# Vadai Barrel



## thruhike00 (Apr 9, 2016)

After numerous phone calls and emails, I finally heard back from them. They are out of different size barrels for a few months. They don't let you preorder but tell you they will put a hold on a barrel for you. I wanted a 23L and 40L. 
If anyone has a 23L alternate with good quality it would be appreciated. I would like to get some wine in a barrel asap. Thanks!

Also curious if you can use the all in one wine pump to pull from a barrel? I would think pulling a vacuum on a barrel would be bad for it, and maybe not even possible.


----------



## David219 (Apr 9, 2016)

Pulling from a barrel isn't a problem, because the vacuum is pulled from the receiving container. Racking into the barrel is where your concern is valid.
You can message Steve, and he can give you the best answer regarding AIO use with a barrel. As I recall, I ordered a bung to accommodate the barrel hole as well as larger diameter tubing. I also kept my finger on the release to pull just enough of a vacuum to transfer in the wine and no more.
My barrel still developed two small, easily fixed with wax, leaks afterwards. I absolutely LOVE my AIO and sing its praises from the rooftops...both the equipment and its maker...but I gravity siphon into my barrel.
That's my experience...but talk to Steve.


----------



## geek (Apr 9, 2016)

The 23l Vadai can get a 8.5 bung if I remember that is the correct bung size.
Talk to Steve, he has it and that bung works fine when racking into the barrel.


----------



## Boatboy24 (Apr 9, 2016)

Vadai was out of stock? For a few months? Wow. 

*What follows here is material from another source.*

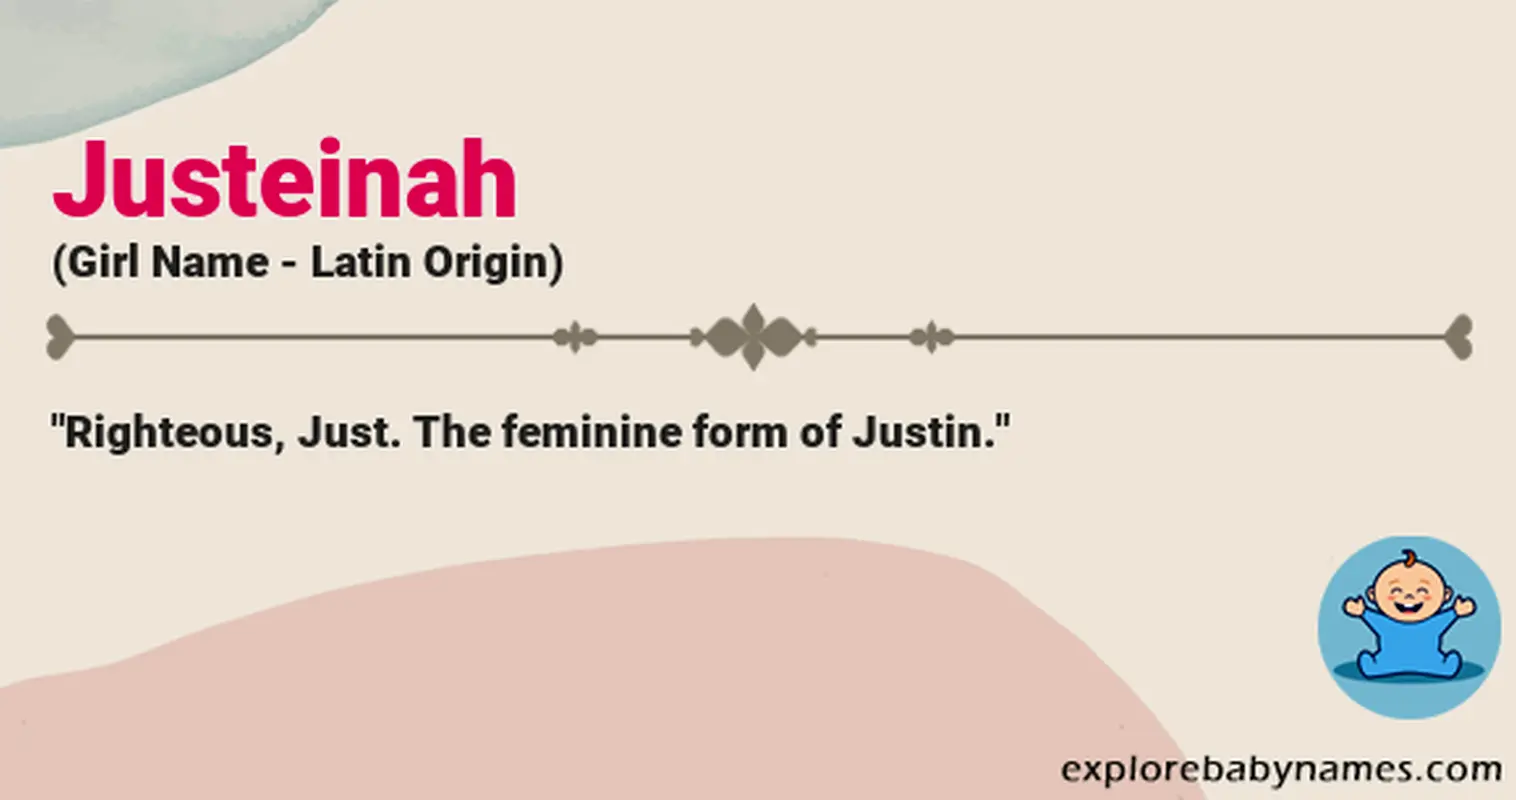 Meaning of Justeinah

Yes, Steve does make a bung for barrels. The 23L take an 8.5 stopper, as Varis mentioned. And for storage, Vadai sells a nice solid silicone stopper.


----------



## ColemanM (Apr 9, 2016)

What about other retailers. Morewine sell them I believe.


----------



## Tnuscan (Apr 9, 2016)

They are backorder too.


----------



## geek (Apr 10, 2016)

Check with M&M.


----------



## thruhike00 (Apr 18, 2016)

Anybody know what size bung this takes. 
http://www.juicegrape.com/Barrel-Hungarian-Oak-23LTR-6gal/
Reason for asking is the only bung size they sell is #11 and the Vadai takes 8.5. Any info is appreciated.


----------



## thruhike00 (Apr 22, 2016)

Ended up with this guy hitting my doorstep today. Paid $30 more than ordering direct and no beeswax, which surprised me. Going to have it full tomorrow after hot and cold soak to make sure of no leaks. Looking forward to learning the barrel rotation and moving on to grapes in the near future.


----------



## cmsben61 (Apr 22, 2016)

That's a work of art!


----------



## geek (Apr 22, 2016)

They are pretty...!! [emoji7]


----------



## Boatboy24 (Apr 22, 2016)

thruhike00 said:


> Ended up with this guy hitting my doorstep today. Paid $30 more than ordering direct and no beeswax, which surprised me. Going to have it full tomorrow after hot and cold soak to make sure of no leaks. Looking forward to learning the barrel rotation and moving on to grapes in the near future.



Where did you purchase?


----------



## thruhike00 (Apr 22, 2016)

http://www.juicegrape.com/Barrel-Hun...ak-23LTR-6gal/
I am going to wait until Vadai has 40l in stock again and get from them. I did a hot soak and no leaks, then a cold soak and no leaks. Filled it with chardonnay and put it in a tub in case of slight leaking. Already made my redneck stand. Didn't care how the stand looked as it will end up in the pantry under some shelves, so it will not be out for show.


----------